An 11-foot-tall, 6,129-pound marble statue of civil rights pioneer Dr. Mary McLeod Bethune will soon reside in the U.S. Capitol's Statuary Hall, representing Florida and replacing one of a Confederate general, reports CNN.
Each state has two statues within Statuary Hall, and Florida Gov. Rick Scott requested the removal of the Confederate statue in 2016. Bethune, an influential Black educator and civil and women's rights leader, was then selected in 2018, becoming the first African American to have a state-commissioned statue in the Hall.
Born to former slaves, Bethune opened a boarding school for Black children in 1904 --- setting the foundation for what would become Bethune-Cookman University --- and later led voter registration drives after women gained the right to vote in 1920, reports CNN. Additionally, she advised five U.S. presidents and was named director of the National Youth Administration's Office of Negro Affairs.

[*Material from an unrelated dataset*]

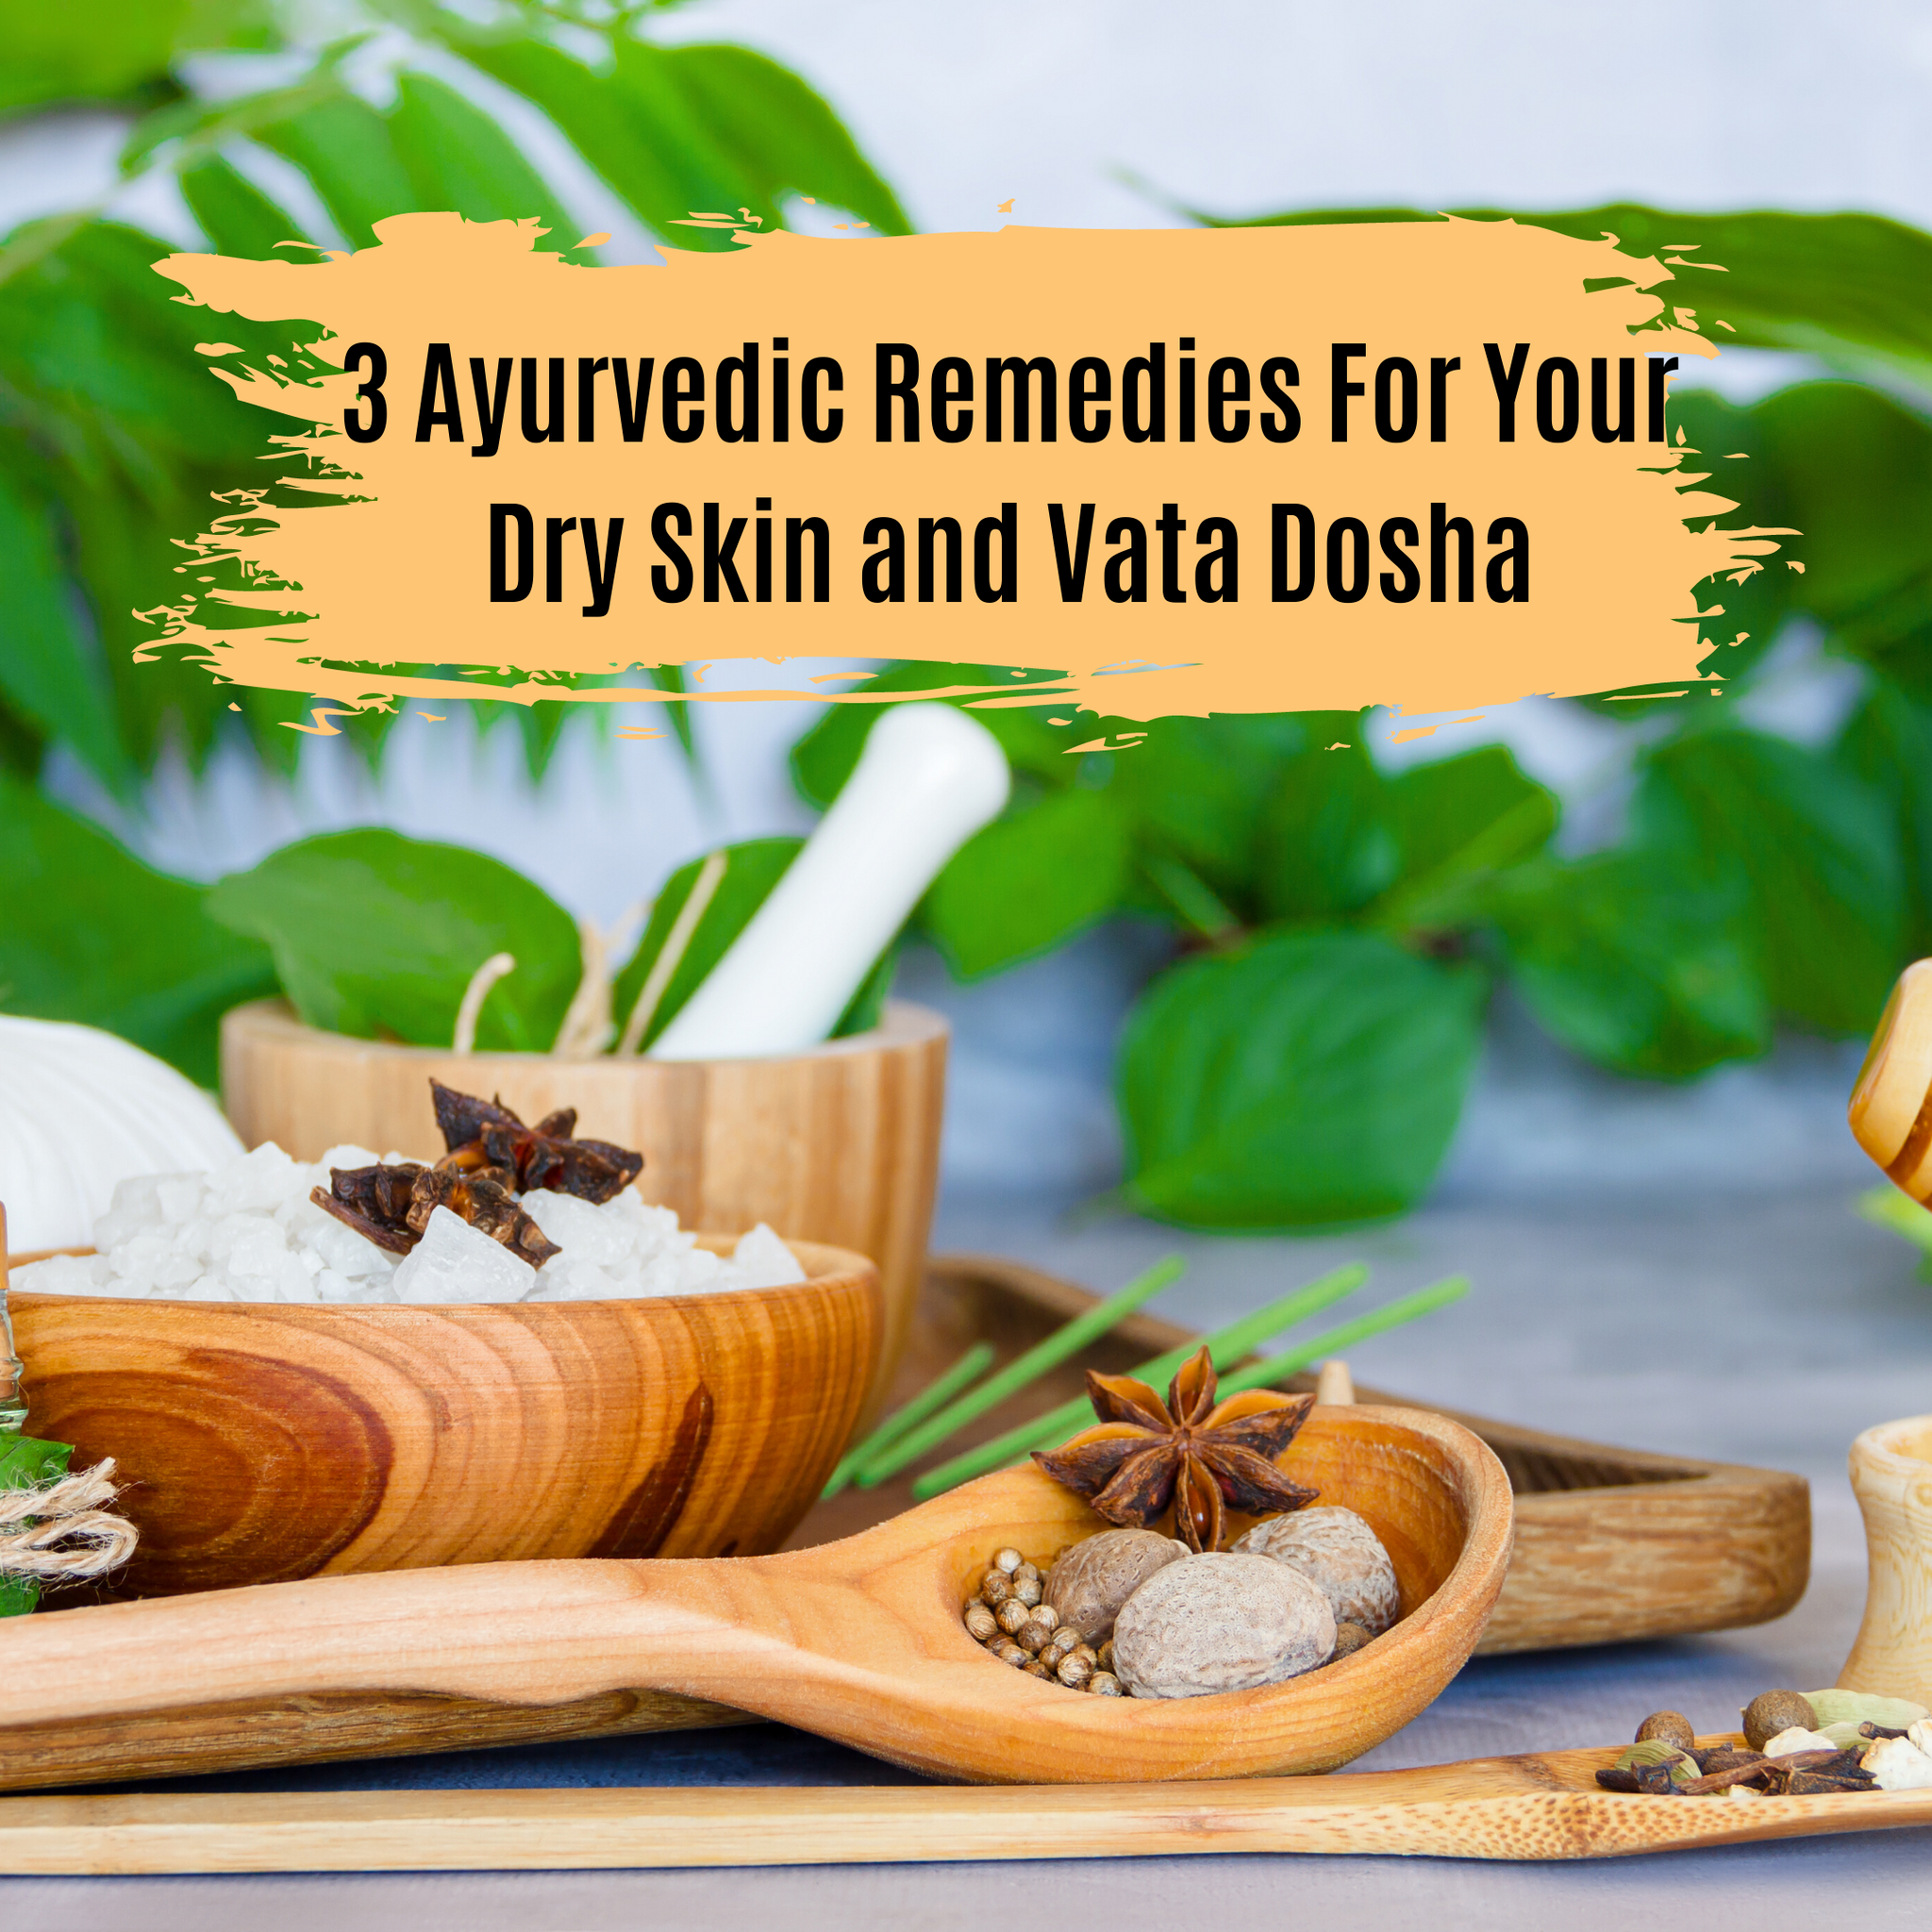 3 Ayurvedic Remedies For Your Dry Skin and Vata Dosha

"Dr. Bethune embodies the very best of the Sunshine State -- Floridians and all Americans can take great pride in being represented by the great educator and civil rights icon," U.S. Rep. Kathy Castor of Florida said in a press release.
Bethune's statue was made by master sculptor Nilda Comas, a Hispanic woman who spent two years carving the marble, which was sourced from the same Italian Alps cave that Michelangelo used. The Dr. Mary McLeod Bethune Statuary Fund, Inc. raised about $800,000 in private donations for the project.